:: COLLECTED DATA ::
================================
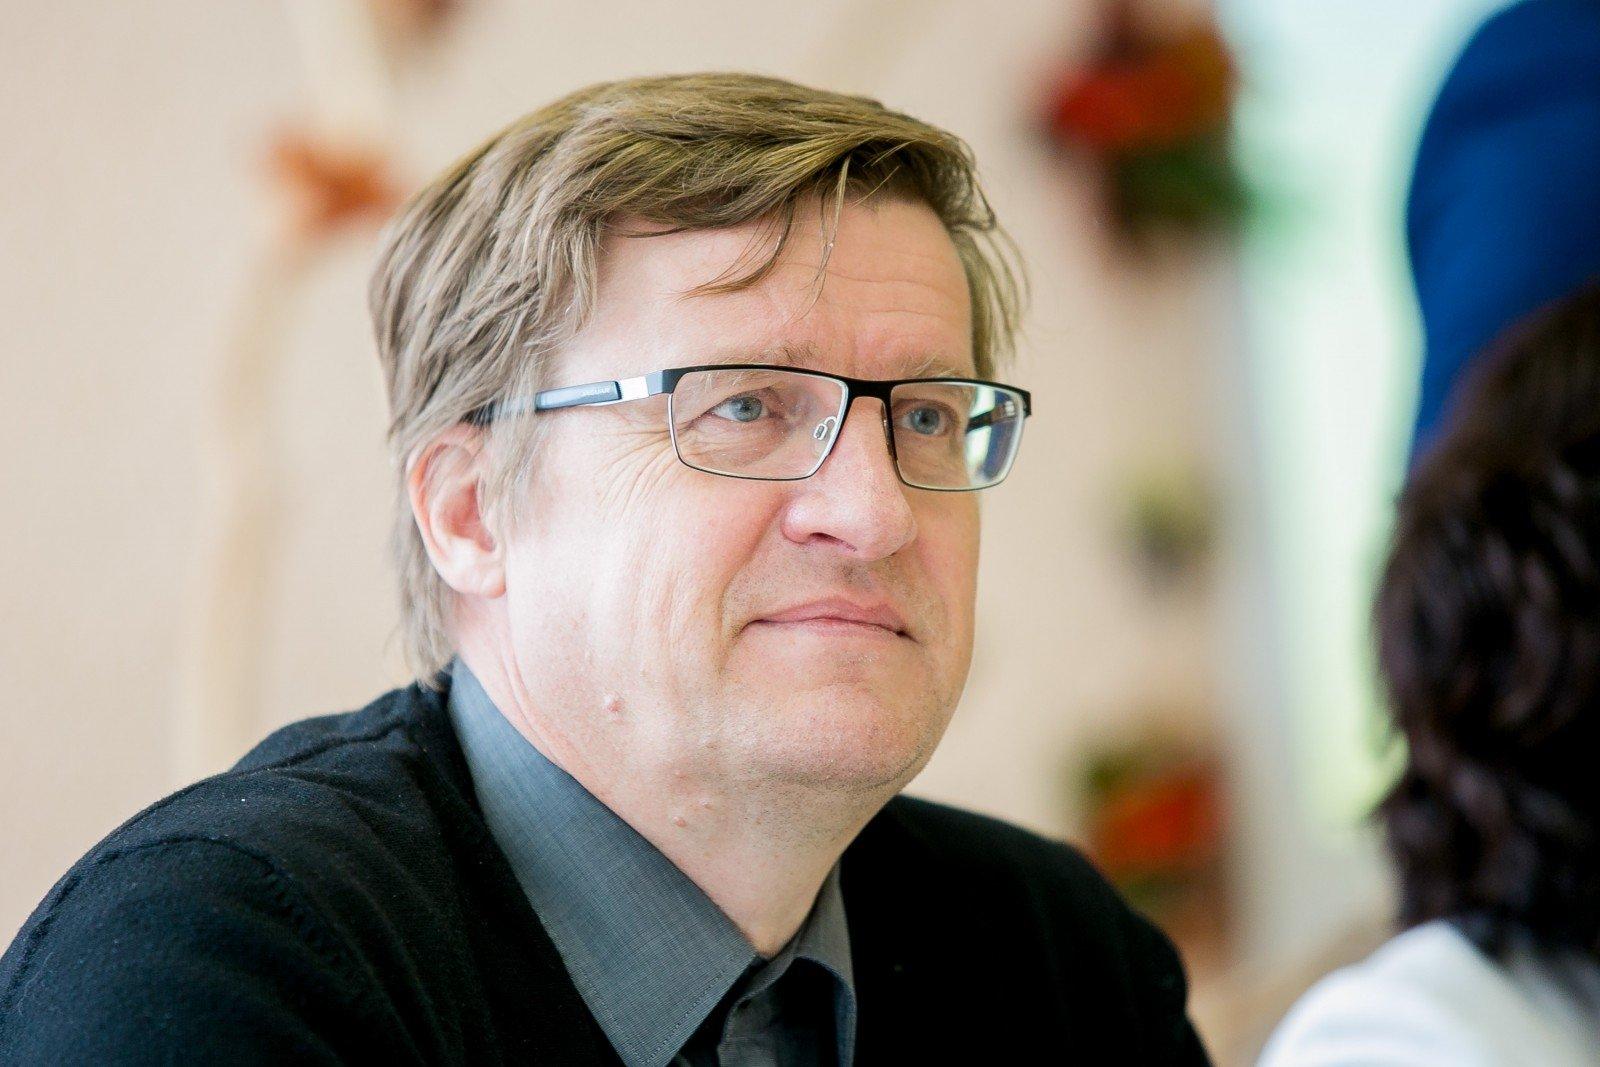 Seimo komisijos ragina didinti žmonių emocinį raštingumą
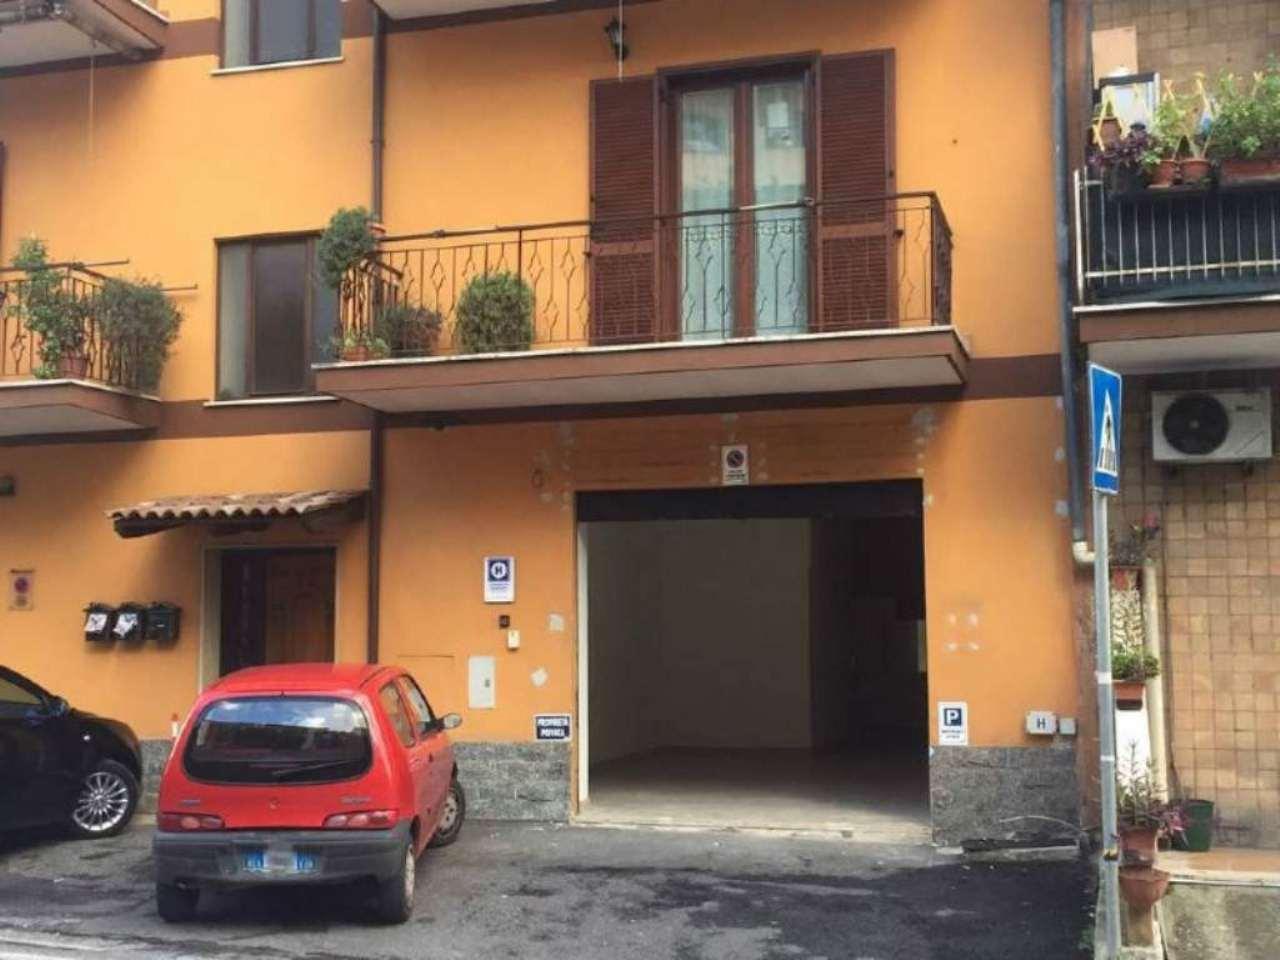 Negozio / Locale in vendita a Fiano Romano, 9999 locali, prezzo € 79.000 | Cambio Casa.it
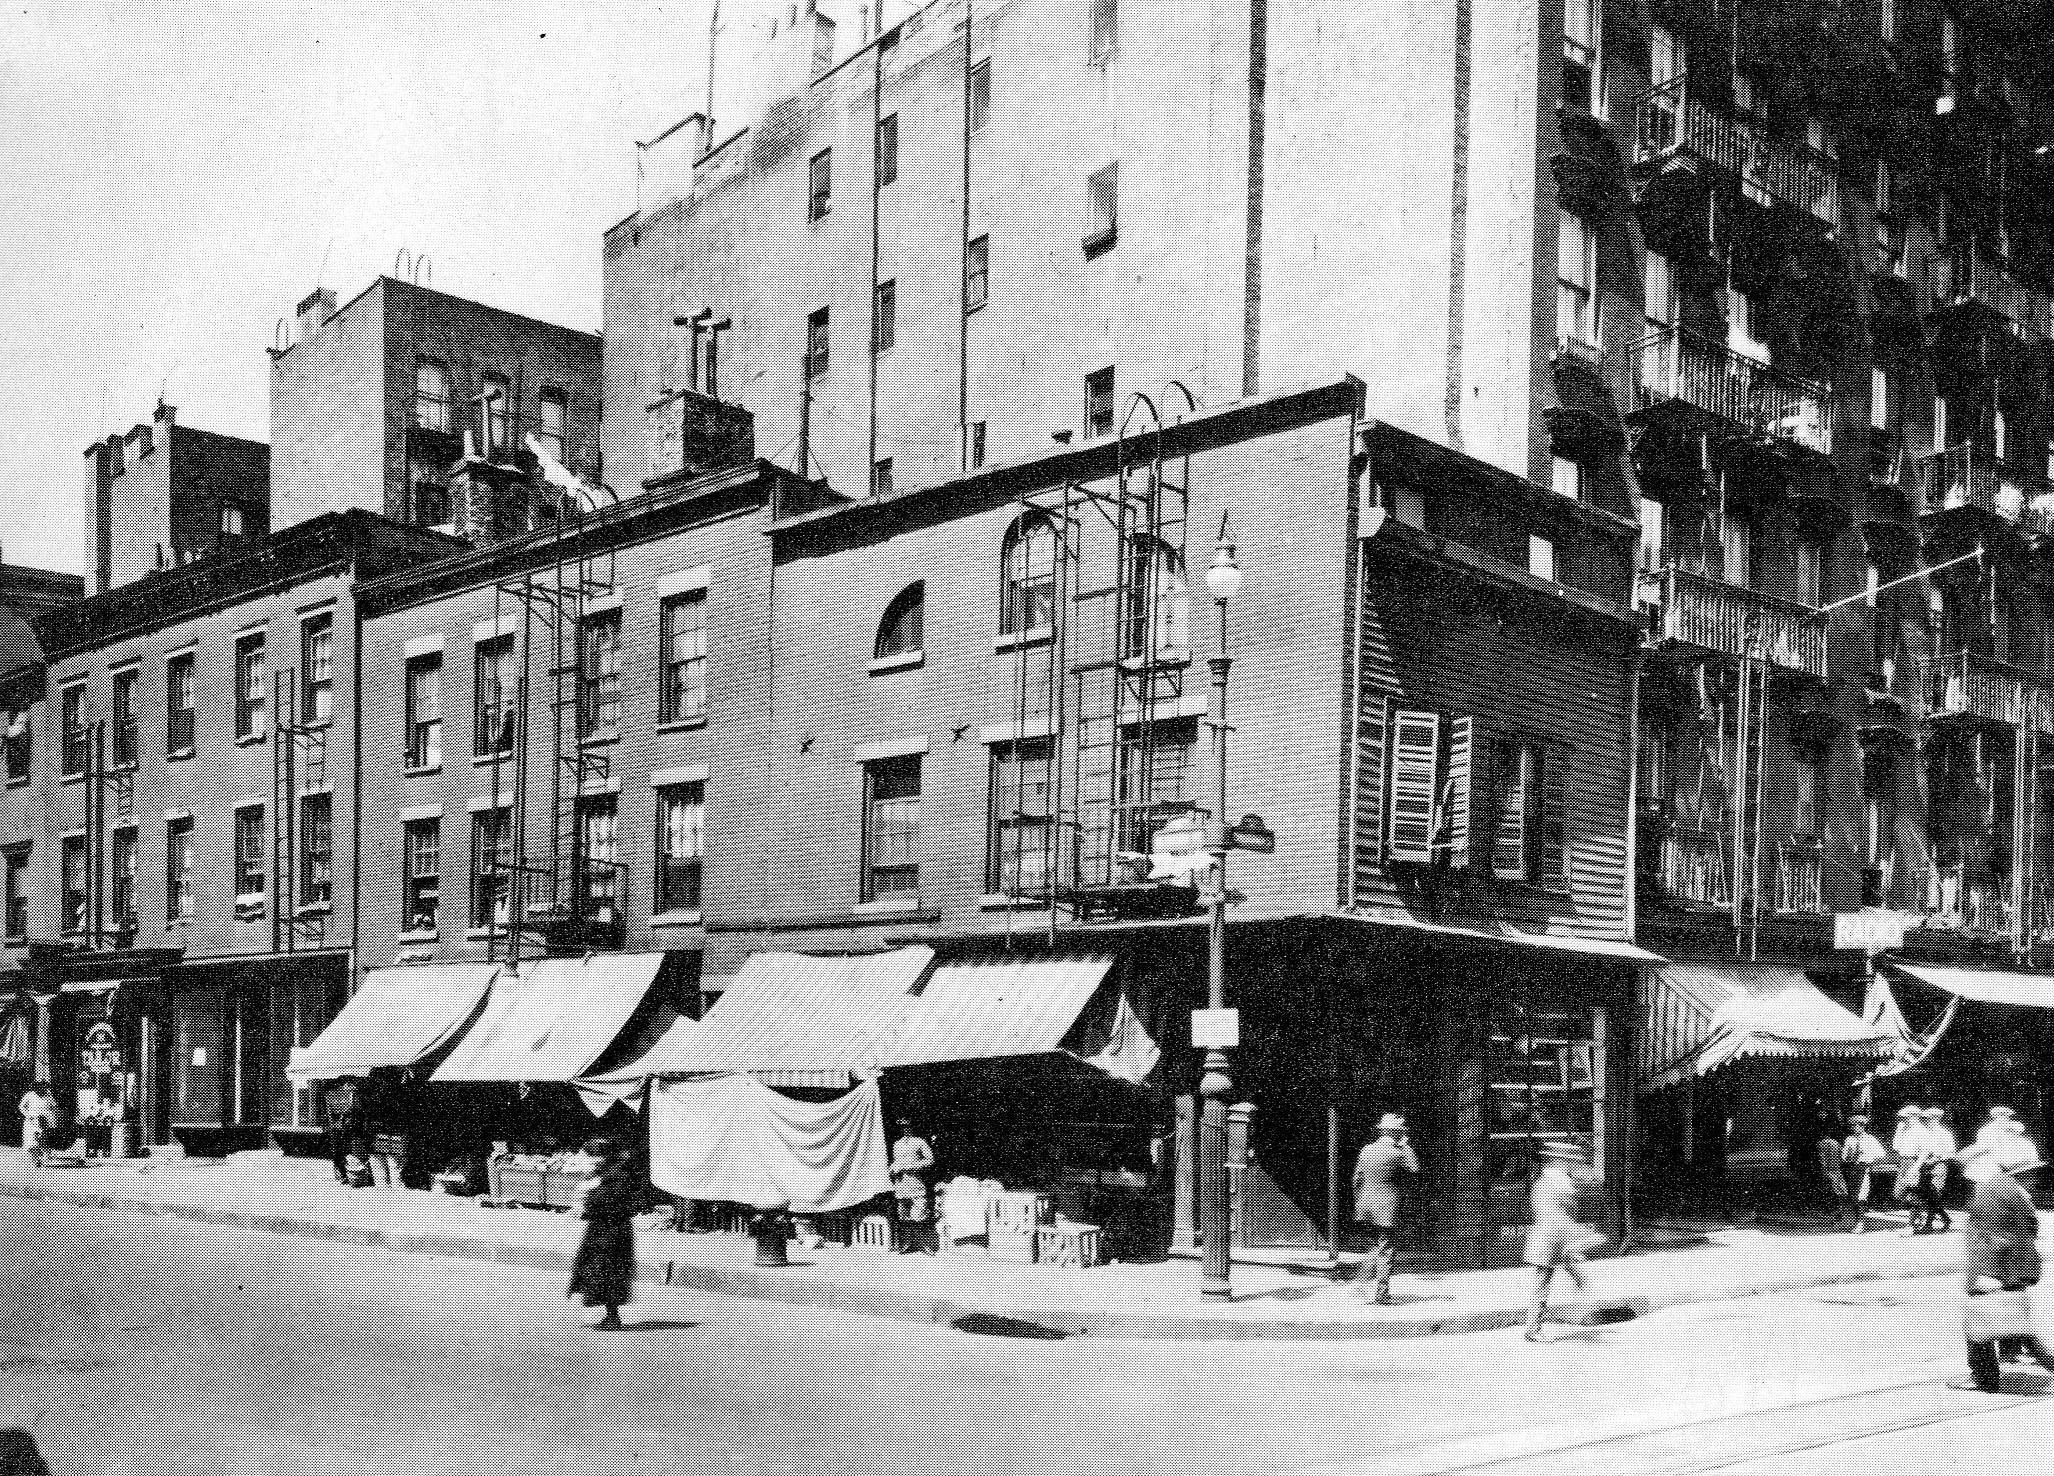 Christopher Street Ephemeral New York
================================
:: EXERCISE GOAL ::
An exact repeat of the listing above, pictures excluded, is the answer.

:: WRITTEN REPLY ::
 Seimo komisijos ragina didinti žmonių emocinį raštingumą
 Negozio / Locale in vendita a Fiano Romano, 9999 locali, prezzo € 79.000 | Cambio Casa.it
 Christopher Street Ephemeral New York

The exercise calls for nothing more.